START Data block
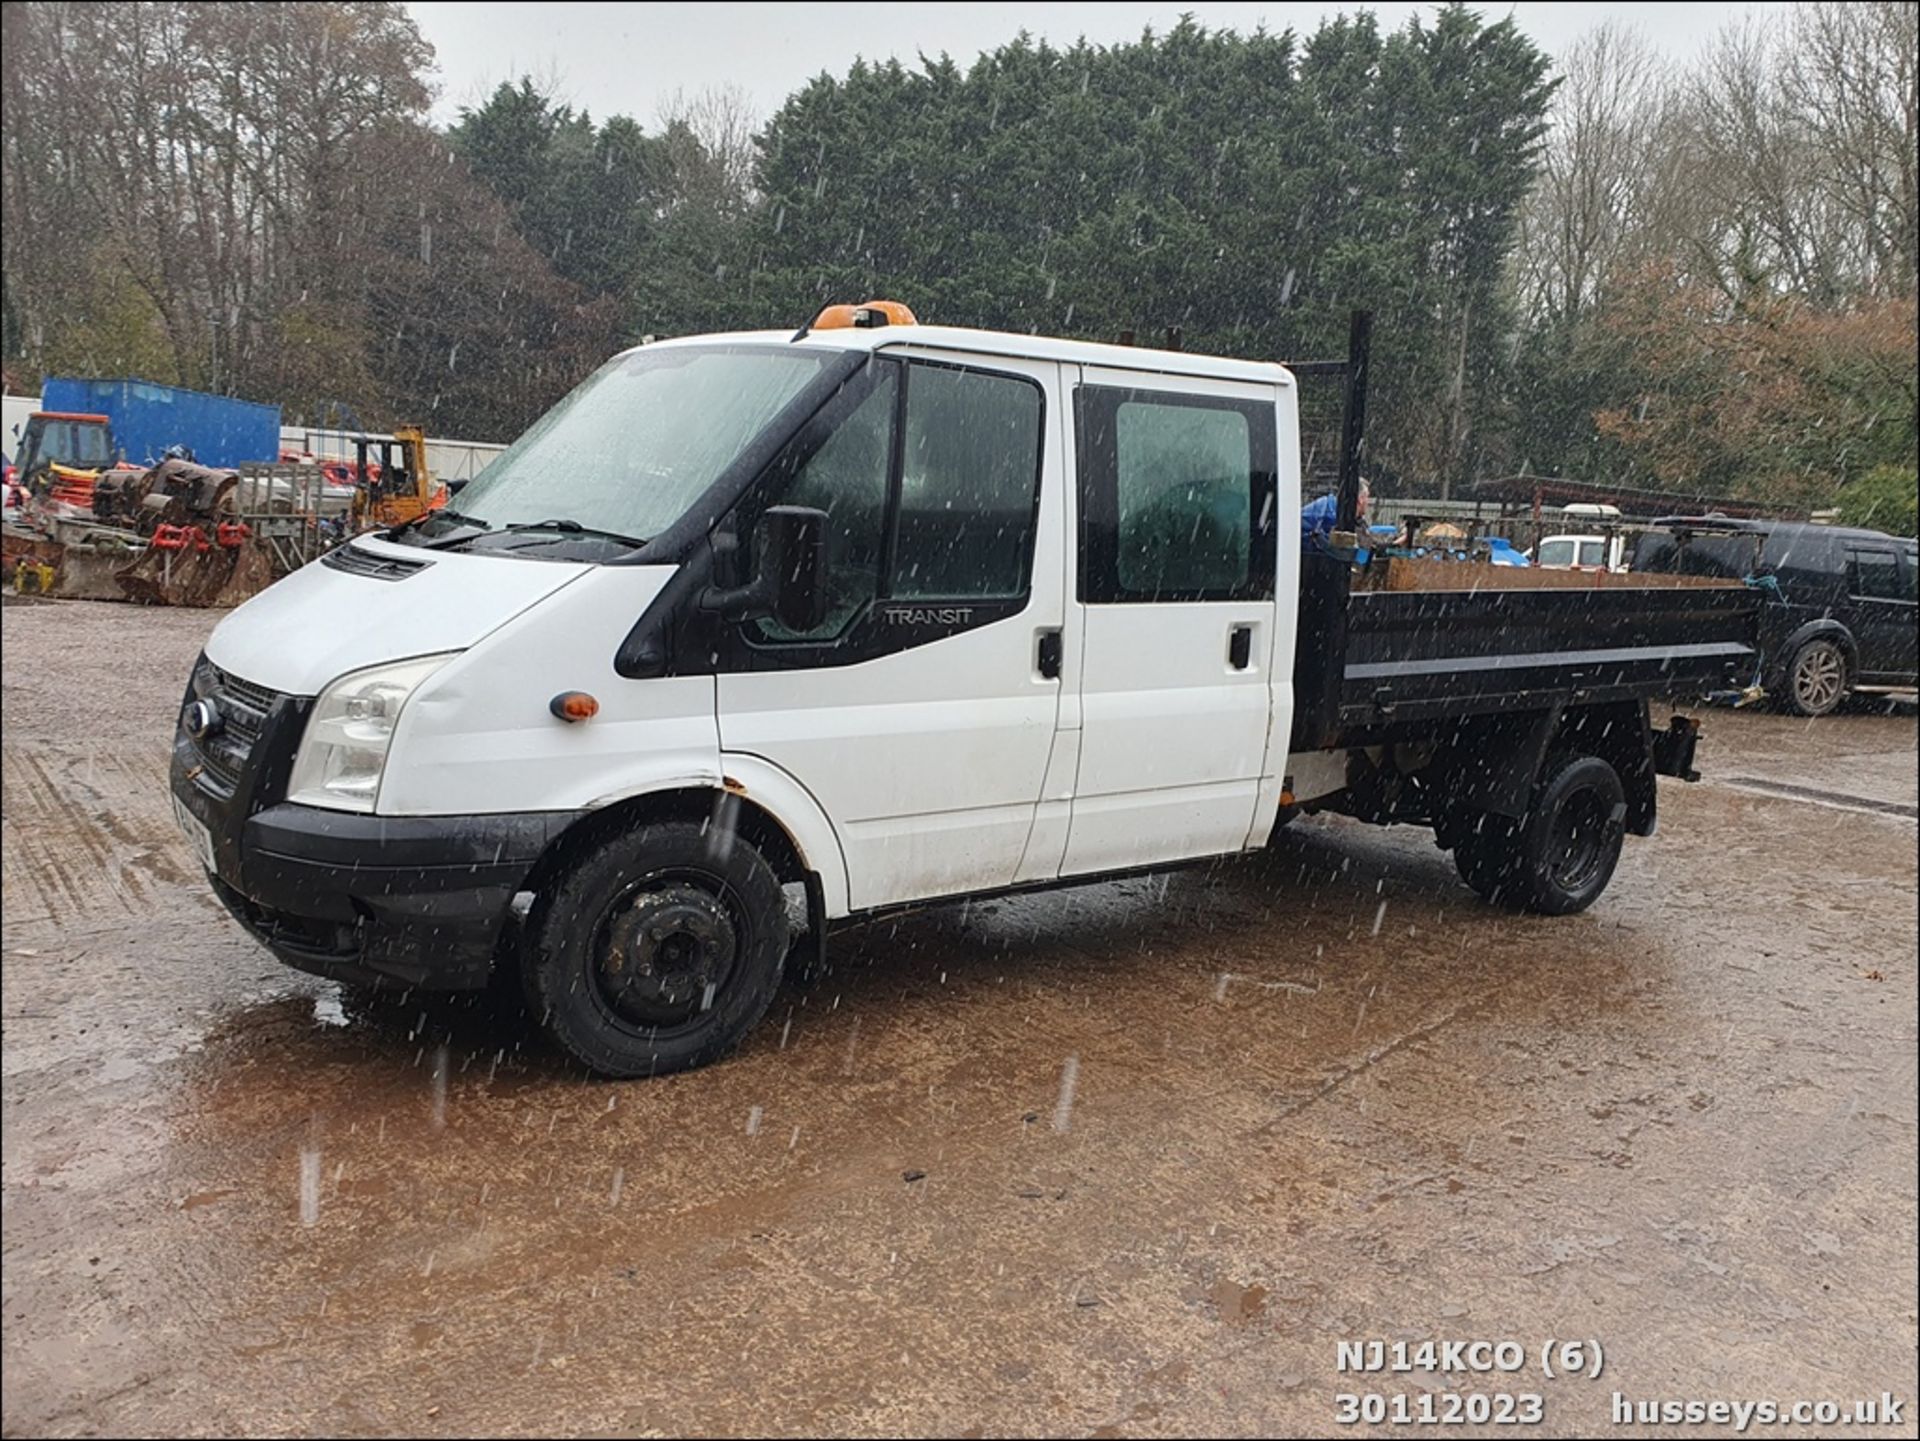 14/14 FORD TRANSIT 100 T350 RWD - 2198cc 4dr Tipper (White, 75k) - Image 7 of 51
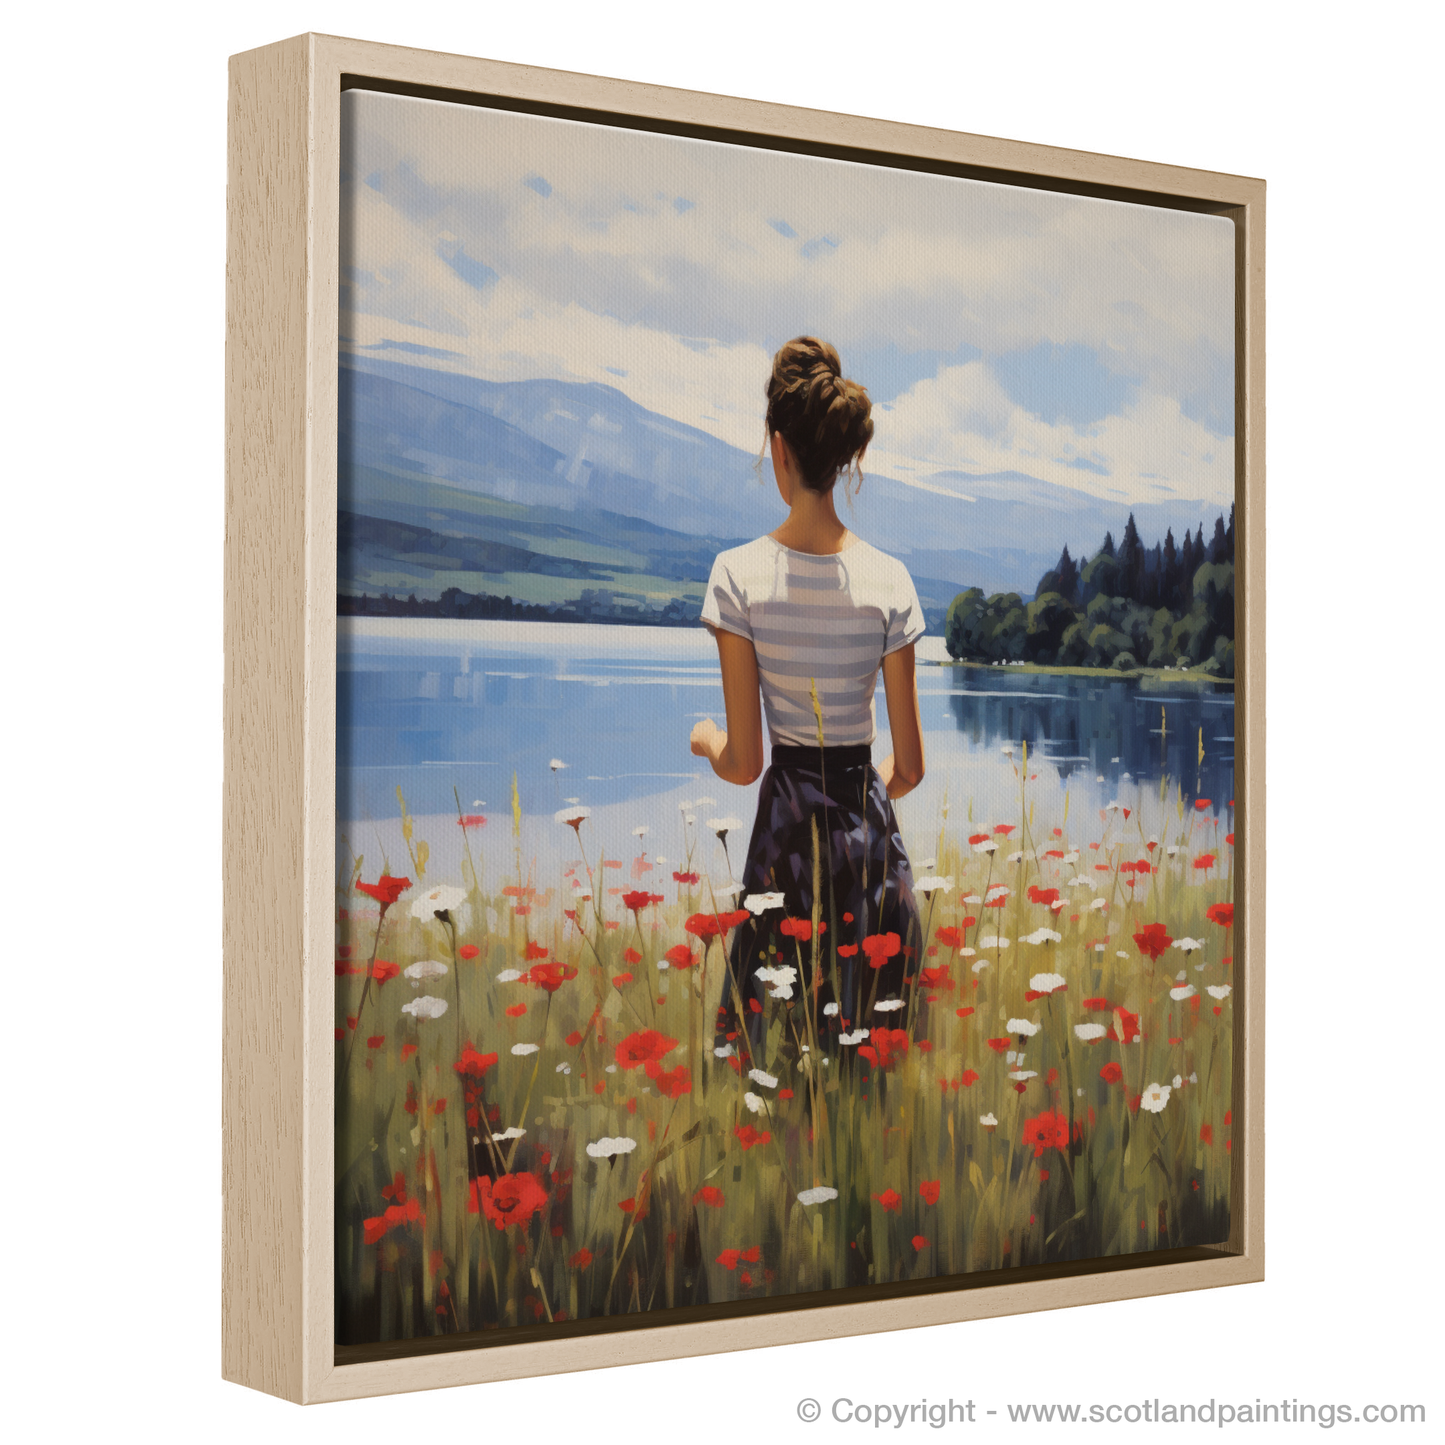 Painting and Art Print of Wildflowers by Loch Lomond entitled "Wildflowers by Loch Lomond: A Serene Encounter".
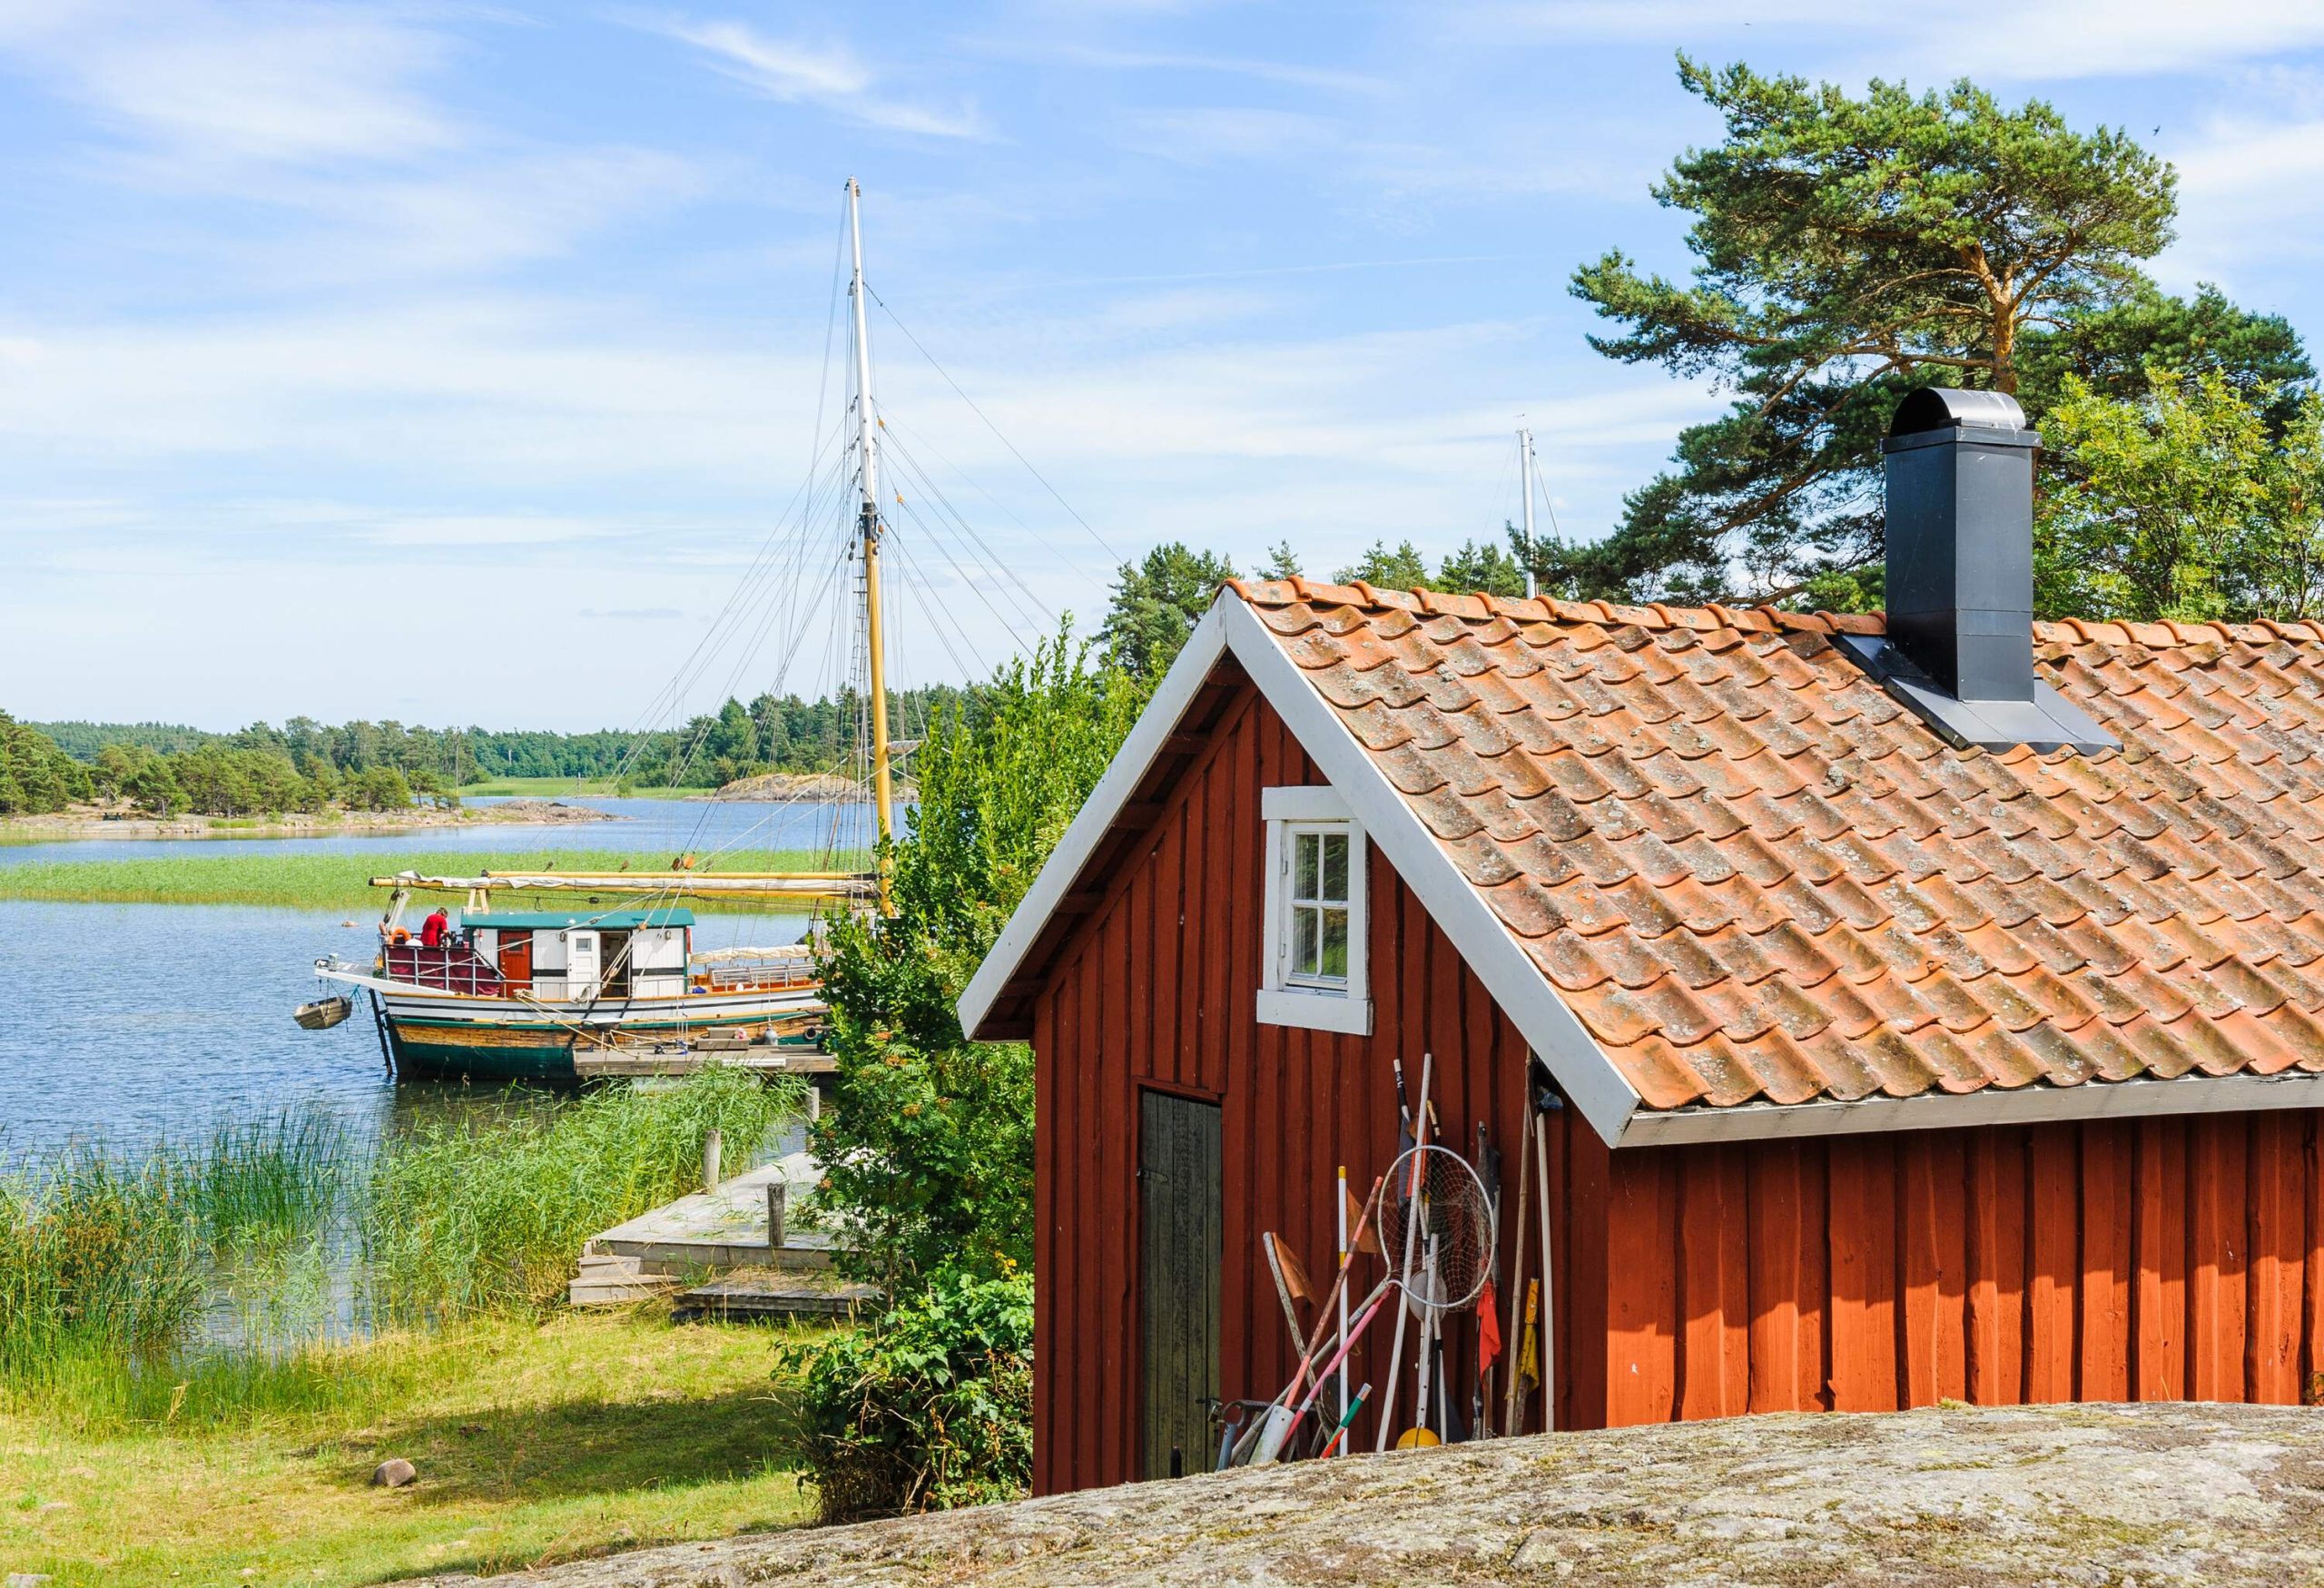 A red shack by a lake with a fishing boat docked nearby.
END Data block
* Assignment *
Copy out the data exactly and keep the pictures out.

* Exercise solution *
 14/14 FORD TRANSIT 100 T350 RWD - 2198cc 4dr Tipper (White, 75k) - Image 7 of 51
 Painting and Art Print of Wildflowers by Loch Lomond entitled "Wildflowers by Loch Lomond: A Serene Encounter".
 A red shack by a lake with a fishing boat docked nearby.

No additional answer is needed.